Pero su misma declaración de amor le traicionaba, porque tan pronto confesaba su creciente pasión, como en la línea siguiente se descartaba para un futuro a su lado, e insistía una vez más en que no era merecedor de su compañía, y que las enormes diferencias entre los dos se hacían insalvables. Menos práctico y más romántico, hasta la inducía, si es que aún significaba algo para ella, a que lo olvidase y atendiese a alguno de los muchos pretendientes que tenía por la aldea y por Ourense... ¡Y vaya si los tenía!

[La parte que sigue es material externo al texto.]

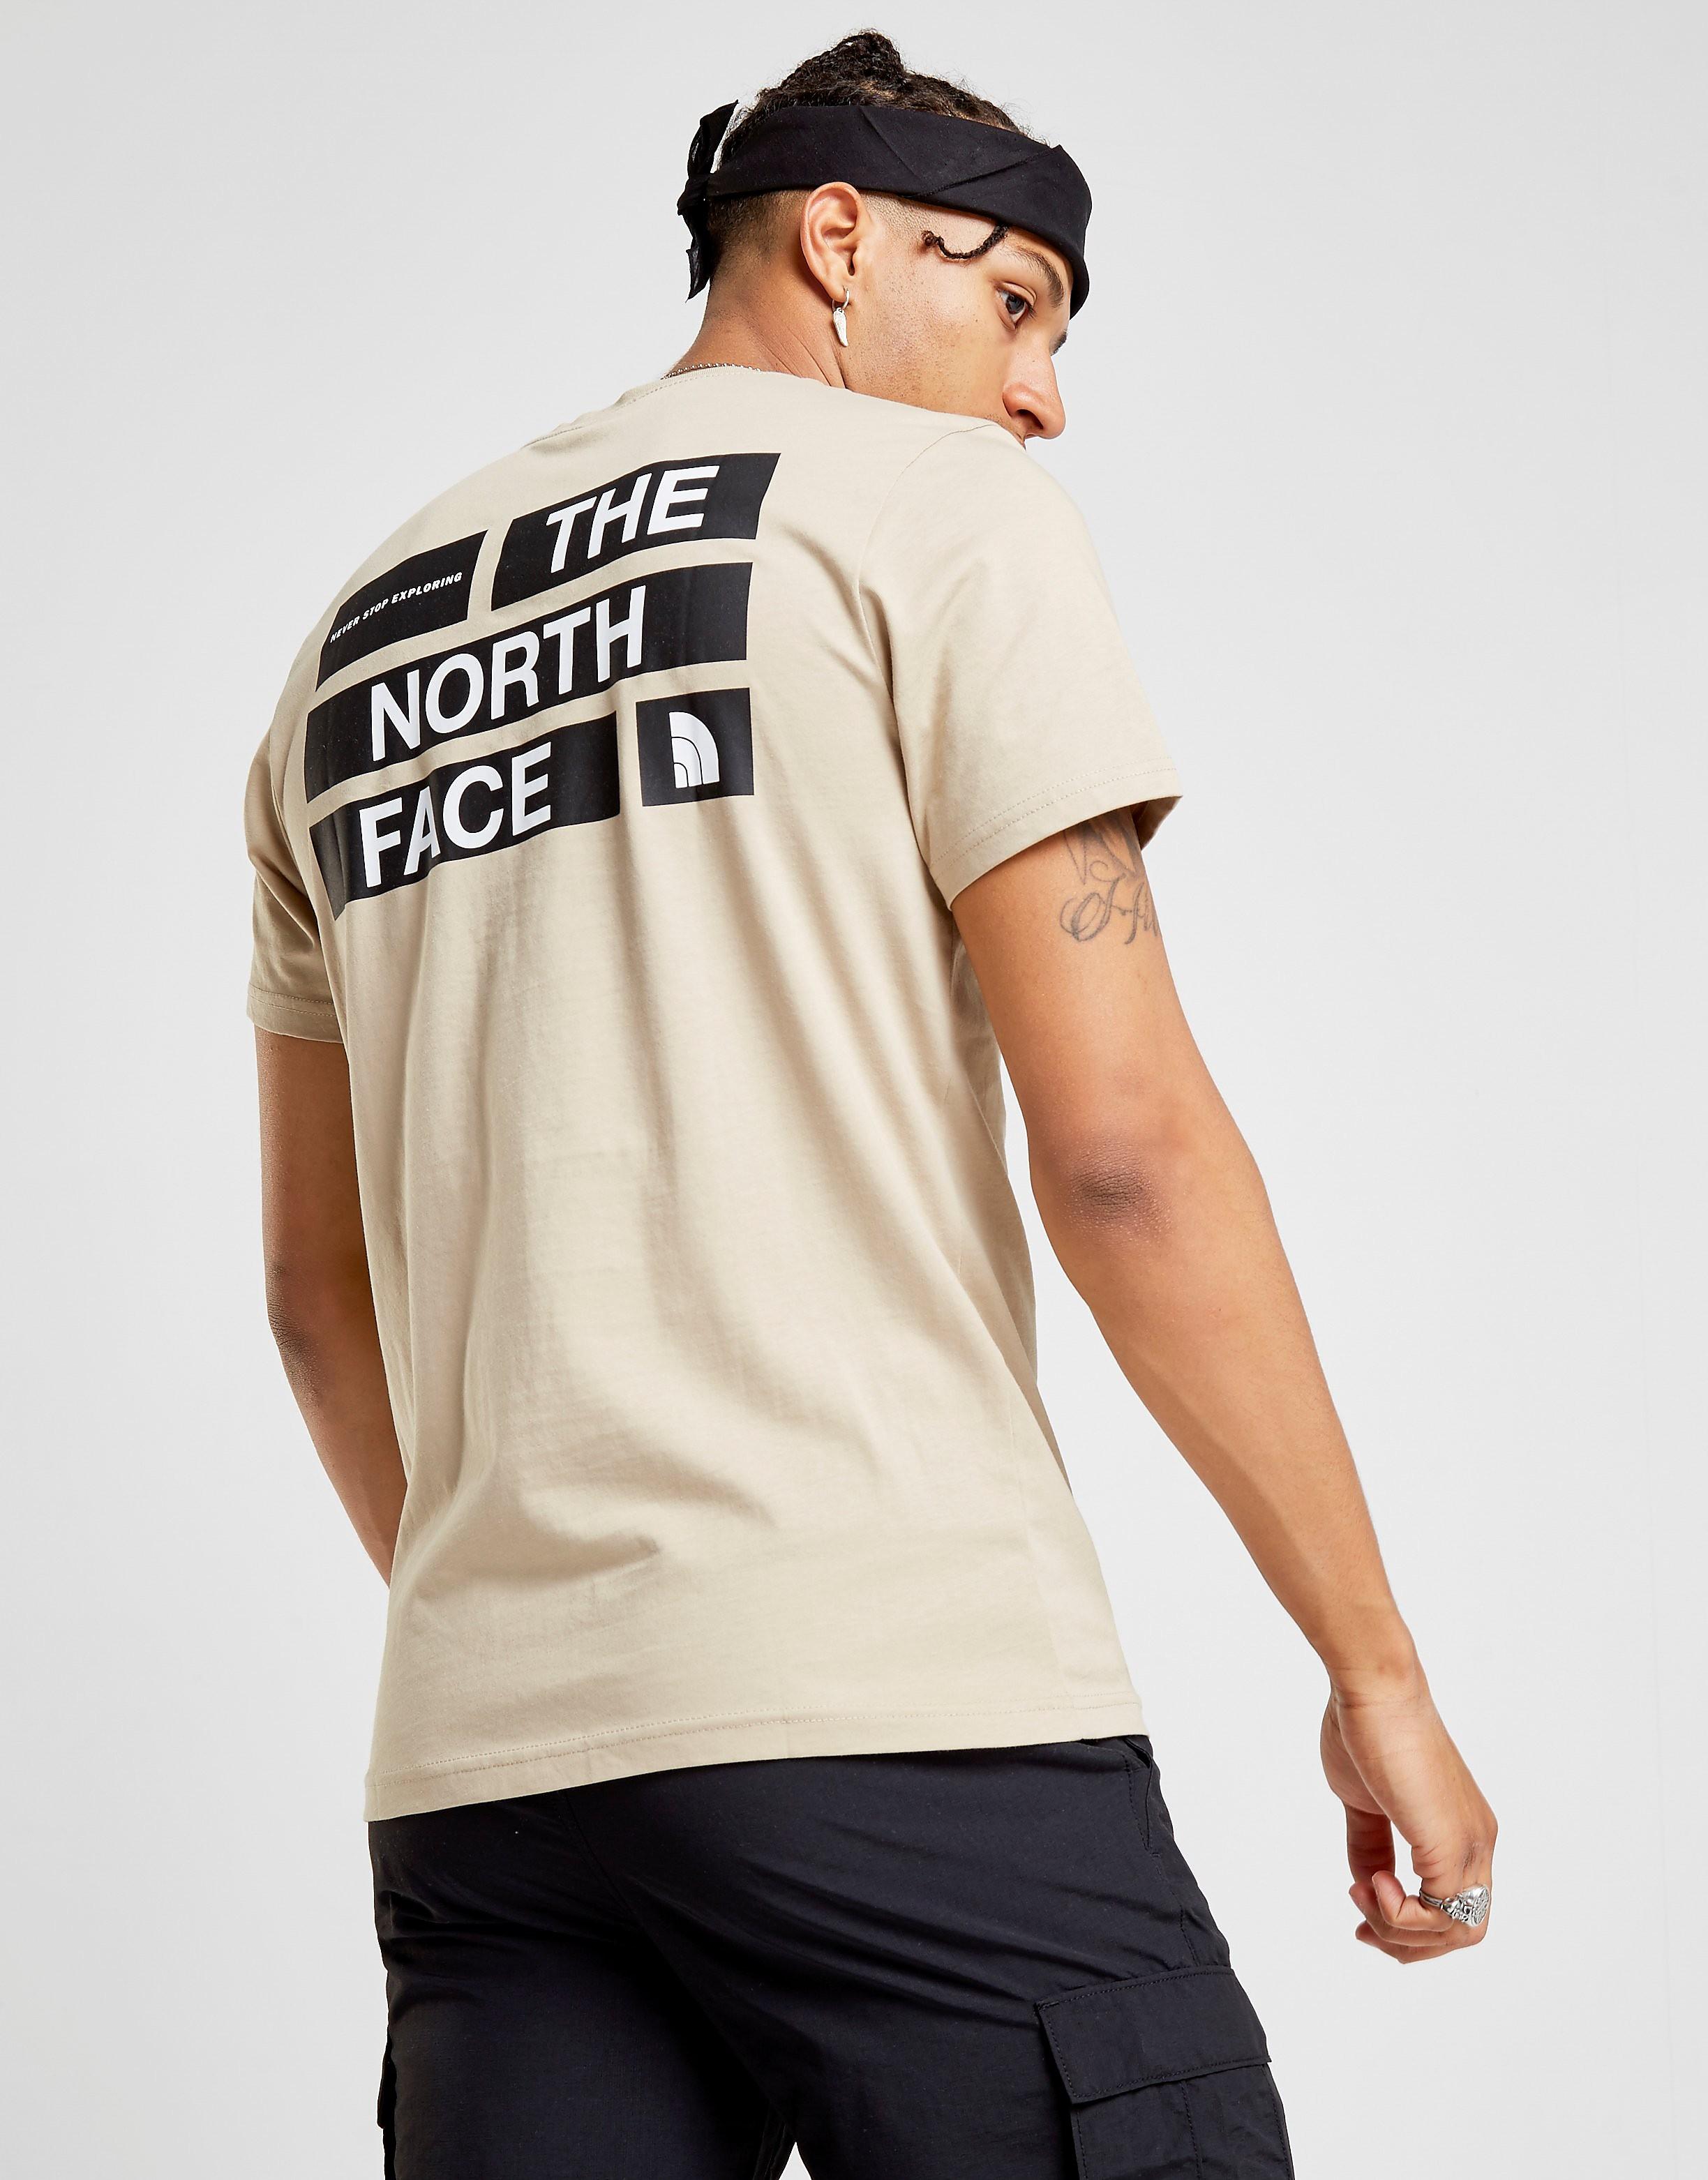 The North Face Newbox 18 T-Shirt

Juntándolos, se podría cubrir con sus nombres todo el santoral. Sus compañeras de estudios de Magisterio la recriminaban con frecuencia por sus permanentes desdenes a los chicos. Había dejado buenas amigas en Ourense, que aunque algo tontitas, y algo “miradas”, le tenían mucho afecto, al que ella también correspondía. La habían integrado en su grupo desde el primer día. Participaba en sus paseos, en sus planes, se relacionaba con un sinfín de amistades, y por supuesto, la invitaban siempre a las muchas fiestas sociales que acostumbraban a celebrar. Cumpleaños, santos, despedidas... en casa de unas y otras... se buscaban continuamente algún motivo para organizarlas. Y como es natural, entre la escuela, las celebraciones, los familiares y amigos de la pandilla... había conocido a medio Ourense... y a muchos candidatos que allí quedaron. Entre ellos, más de un hermano de sus íntimas amigas, que aún ahora, acabado el curso y su estancia en la capital, le enviaban sus mensajes a través de las hermanas. Al encontrarse con ellas, pasado algún tiempo, le seguían preguntando: “Pilar, ¿pero aún piensas en el afila-

dor? ¡Quién nos diera a nosotras a algunos de los que desdeñas!”. Pilar ya sabía que la emigración de Camilo a Buenos Aires, no era más que una huida, un intento de olvidar un “amor imposible”, como él decía. Aunque justificase aquel viaje en repetidas ocasiones como “para hacer fortuna”, igual que su bisabuelo Olegario, ella conocía los verdaderos motivos. “... Para poder ofrecerte lo que mereces, Pilar.”, insistía. Pero siempre tuvo sus dudas, y muchas veces llegó a pensar que no volvería, conquistado finalmente por alguna bella argentina de hablar meloso, aunque él prometiese lo contrario en cada carta que escribía. Pocas personas se mantuvieron a su lado en aquel enamoramiento alocado e imparable. Su padre, Herminda, y también Elvira -mientras no se tuvo que marchar-, le hablaron con claridad de esas diferencias evidentes que había entre los dos, y sólo le pidieron prudencia y tiempo. Si después de sus años de estudio en Ourense, con la oportunidad de conocer otros ambientes, gentes distintas, relacionarse con chicos de superior nivel cultural y social... seguía pensando de la misma forma, y asumía la situación... ¿por qué no? Pero para entonces, ¿en dónde estaría Camilo?, se preguntaba Pilar cada día, dudando de todo... ¿En dónde estaría ahora?... ¿Por qué caminos andaría con la rueda en aquel momento?... ¿Seguiría en Buenos Aires?... ¿Ya no volvería más?... A diario le rezaba a San Antonio... aunque sus continuas plegarias iban a veces faltas de fe. Dicen que la esperanza es lo último que se pierde, y a pesar de los vaive-

nes de su ánimo, algo le decía muy adentro que regresaría cualquier día de aquellos... ¡De pronto!... ... Las notas silbantes de un chifre irrumpieron poderosas en el aire, la levantaron en vilo del sillón en el que meditaba, la asomaron un instante al balcón, y la llevaron en volandas escaleras abajo... con inmensa locura... y al llegar a donde aguardaba, uno enfrente del otro... se abrazaron en silencio... y lloraron de alegría.